FT Diomedes wrote:Ship Replacement Programs (SRP) are bad for Eve. The alliance and coalition income sources that support them need to go away. In conjunction with hitting the supply side of alliance income, it should become more expensive to hold sovereignty.
I know this will produce a howl of outrage, but please, hear me out. Eve is a game about immersion and consequences. SRP detracts from both. When I first began playing Eve, over seven years ago, there was no SRP. I had to invest hours of gameplay to get ISK to purchase my ships. Most PVE occurred in belts. ISK/hour was low. That was hours I had to be in space, providing potential content for others. I had a reason to be in game for hours outside of fleets. Hours of work and effort could explode in seconds. Eve had consequences. Eve was thrilling. My hands literally shook when I warped a battleship into a brawl. The adrenalin was intoxicating and addictive. One night my alliance leader warped his Aeon to a gate against 200 hostiles. Then disconnected. I lost five battleships that night. My alliance lost several carriers saving his dumb ass. There was no SRP for that fight. I was financially devastated. It remains the most fun I have ever had in Eve.
Today, things are very different. The two major coalitions have ample moon and renter incomes to support huge areas of sovereignty and massive SRP programs. Even the Goons, who were regarded as low SP morons in Rifters seven years ago, provide alliance level subsidies for capital ship pilots. Every capable alliance has some passive income source they can trickle down to the members.
The result is that many people no longer have to play Eve. They play another game and wait for a Jabber ping, or log in once a night to see if anything is going on. Nothing ever is, because no one in null sec has a reason to play the game! Major null sec warfare is dead, because of self-imposed restrictions and the fact that grinding sovereignty sucks. Small gangs can roam for hours while finding mostly empty belts because very few people have to rat or mine. So, the small gangs stop going out and are replaced with an AFK cyno alt sitting in a ratting system just on the off chance that some poor bastard logs in to grind up a PLEX, because the game is not exciting enough to be worth $15/month. The dude controlling the alt is asleep, playing another game, or running incursions in highsec to PLEX his AFK alt. Grinding for PLEX or to get a Supercapital is the only reason most people rat or mine in null sec. Or because they are being farmed like a space peasant by a coalition.
Once I get enough ISK for a T1 cruiser, I can go join fleets and keep replacing it pretty much indefinitely just off SRP. Losing it is meaningless. Eve has gone from being a game with consequences to being more like a first person shooter with nearly instant respawn. This makes Eve a less exciting and less immersive game.

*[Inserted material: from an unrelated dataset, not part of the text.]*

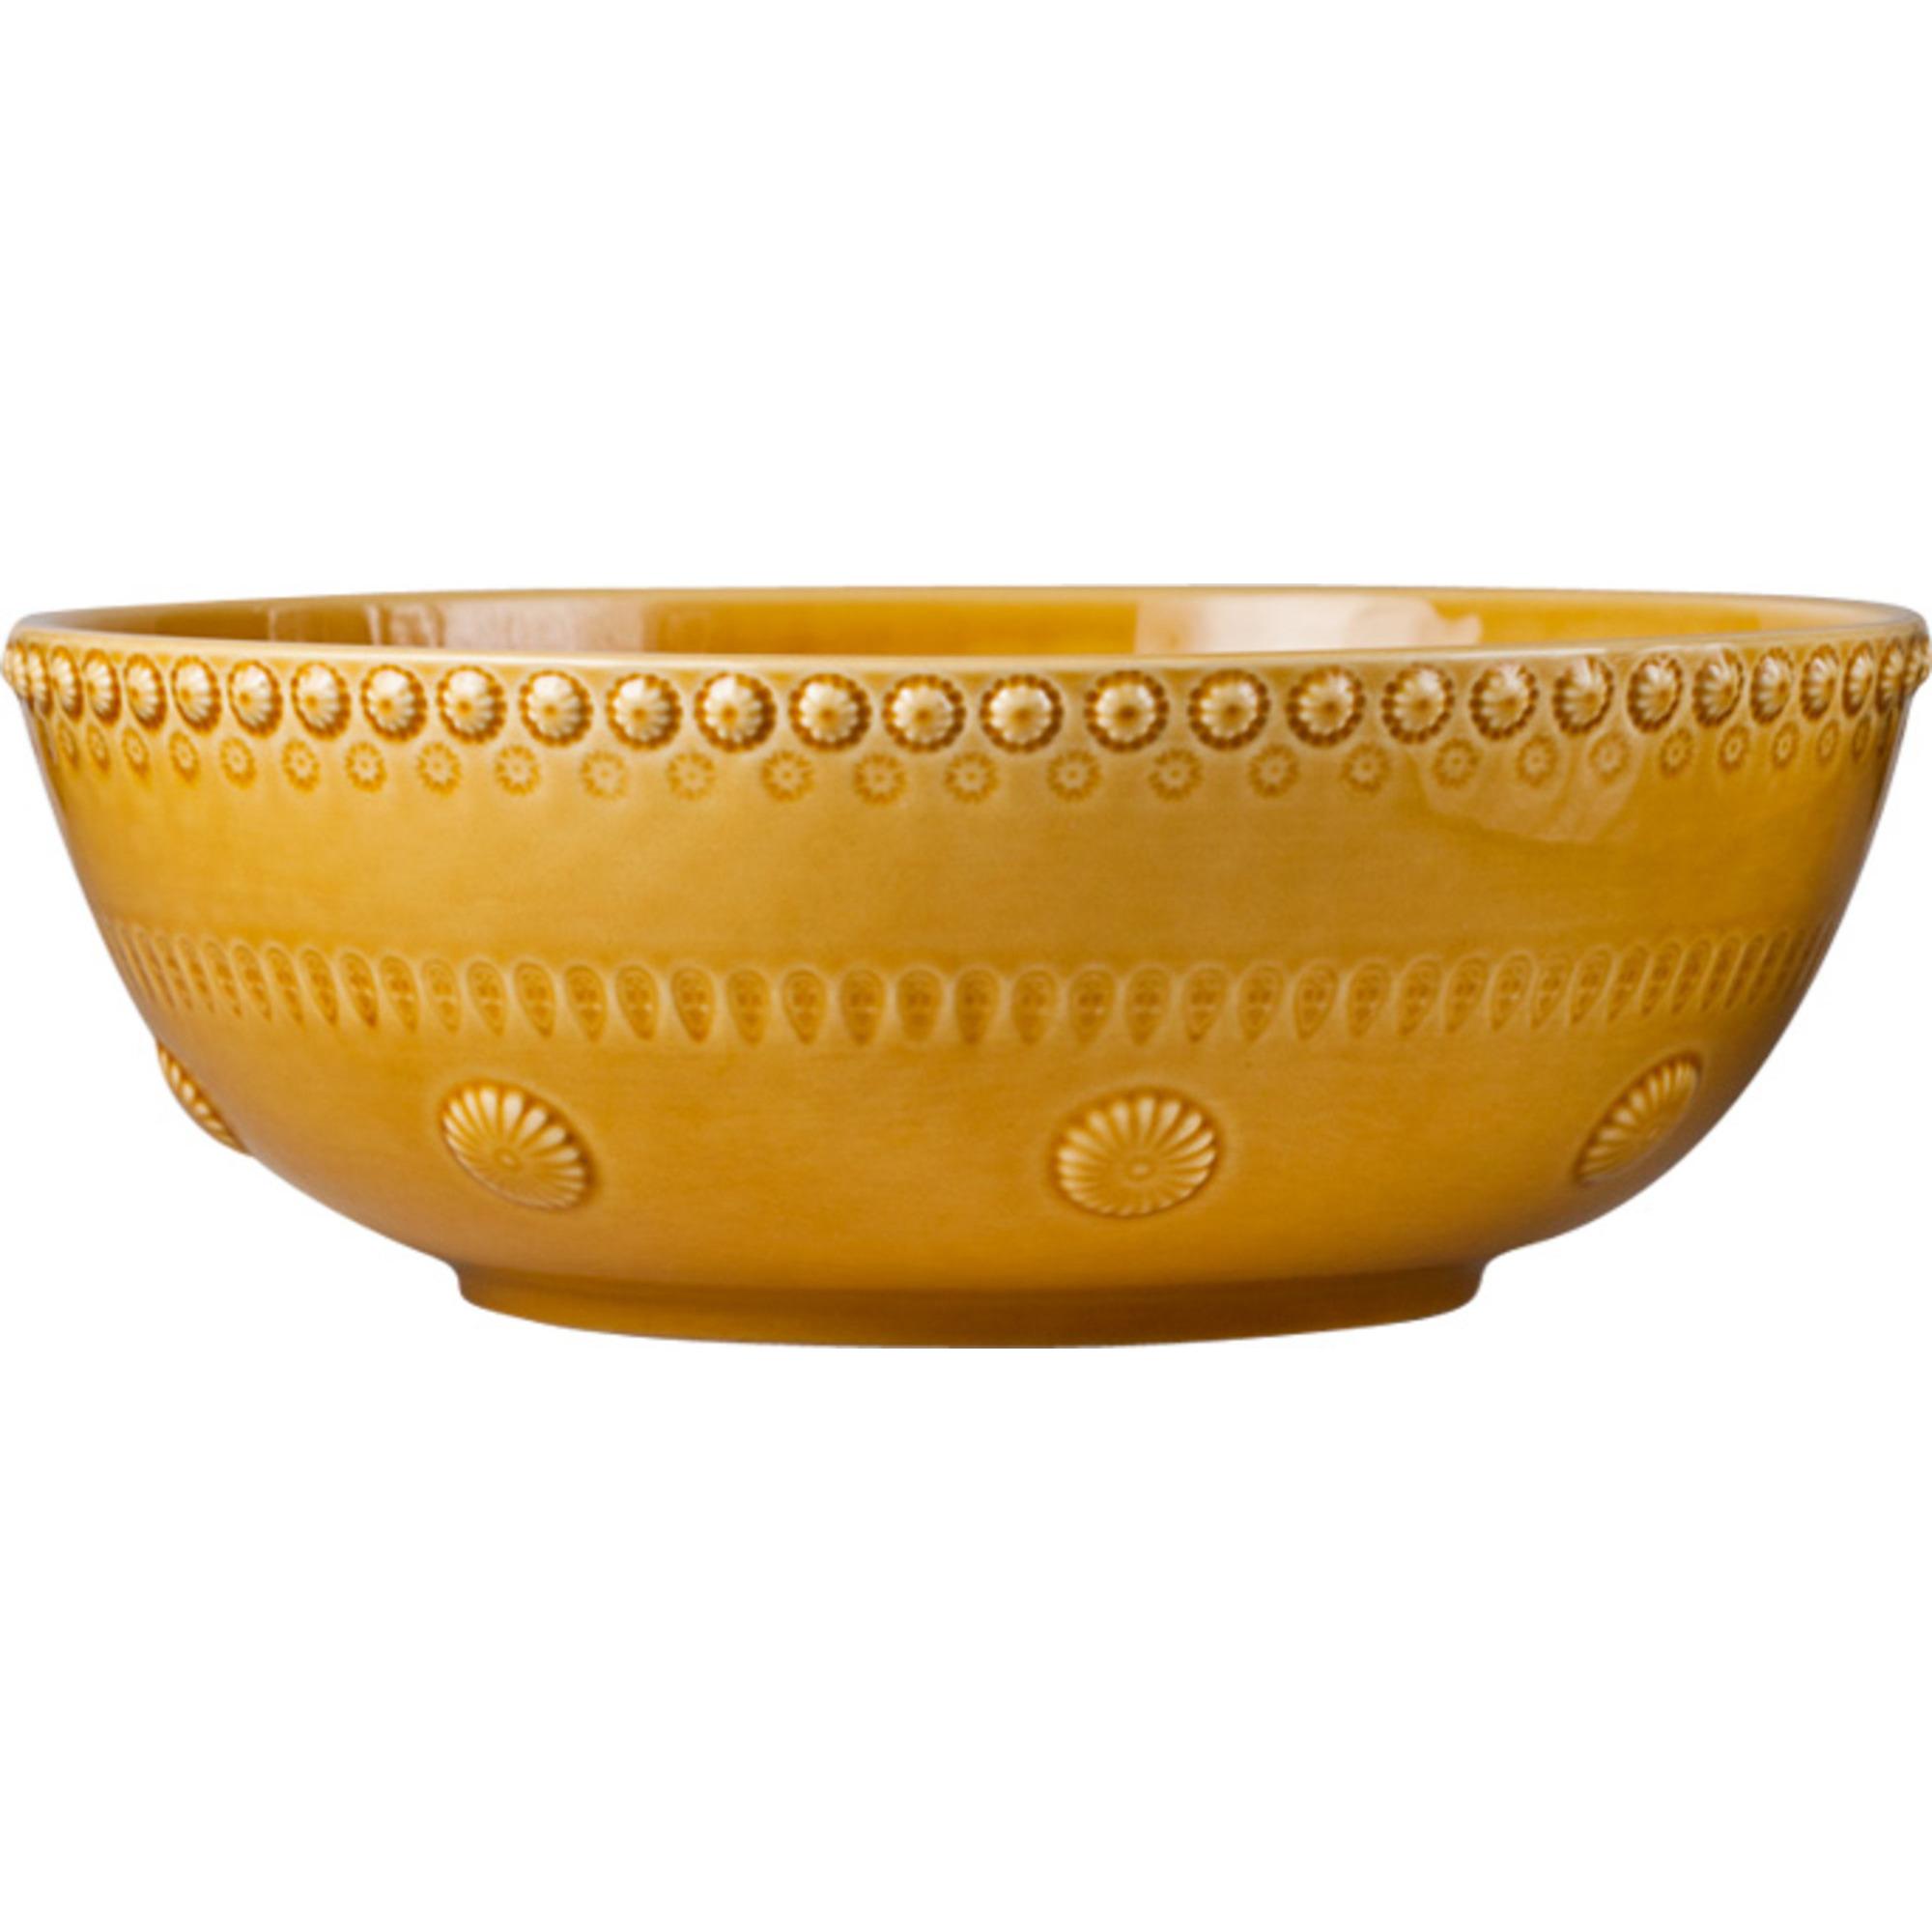 PotteryJo Daisy Salladsskål 30 cm Sienna

My solution: Get rid of moon mining completely. Replace it with new mining sites where people can obtain those raw materials. This puts people in space, which provides content for more than the occasional moon POS bash. It cuts out one pillar of coalition income. Players now attack players instead of structures.
That is only half the issue. In this era, most alliance income comes from renters. Most sovereignty is held by holding corporations. Make sovereignty a corporation rather than alliance thing. Limit the amount of sovereignty systems one corporation can hold. Or scale the costs dramatically above a certain threshold. Or both. Make it so that you must control the entire constellation to hold any sovereignty. One corp holding one constellation? No issues. One corp holding two constellations? More expensive or not allowed. Of course coalitions will adapt by adding more holding corporations, but one goal is to increase the hassle for the largest sovereignty holders while having a minimal impact on little guys. More holding corporations is more chances for fraud or forgotten sovereignty bills.
Coincidentally, if done properly this would also greatly affect jump bridge networks, which is part of the issue with force projection. Want to have a jump bridge network that spans Eve? Must have sovereignty in many constellations, which means greater fees for sov. Then make jump bridges only work for corp members, not based on standings. Now, if you want the jump bridge network, you cannot have a bunch of little holding corps controlling all the space.
Do something similar with cynos - the cyno pilot must be in the same corporation or alliance. Boom, all those neutral cyno alts have to unmask and show their affiliation. Coordinating coalition ops is much harder. That would tend to make people clump up into mega corps or alliances, but then they bear the increased cost of sovereignty and stand to lose corp identities if they blob up.
Now kick corporations in the teeth. Non-NPC corporations can no longer tax members directly in-game. They cannot charge any fees in stations or tax refining. They have to rely on donations for corporate sovereignty bills or other programs. More opportunities for freeloading. Less passive income for the corporation from those who actually play the game. Good, close knit corps will still function, but mega corps will suffer.
This would not solve every issue with Eve, but it would be a step in the right direction.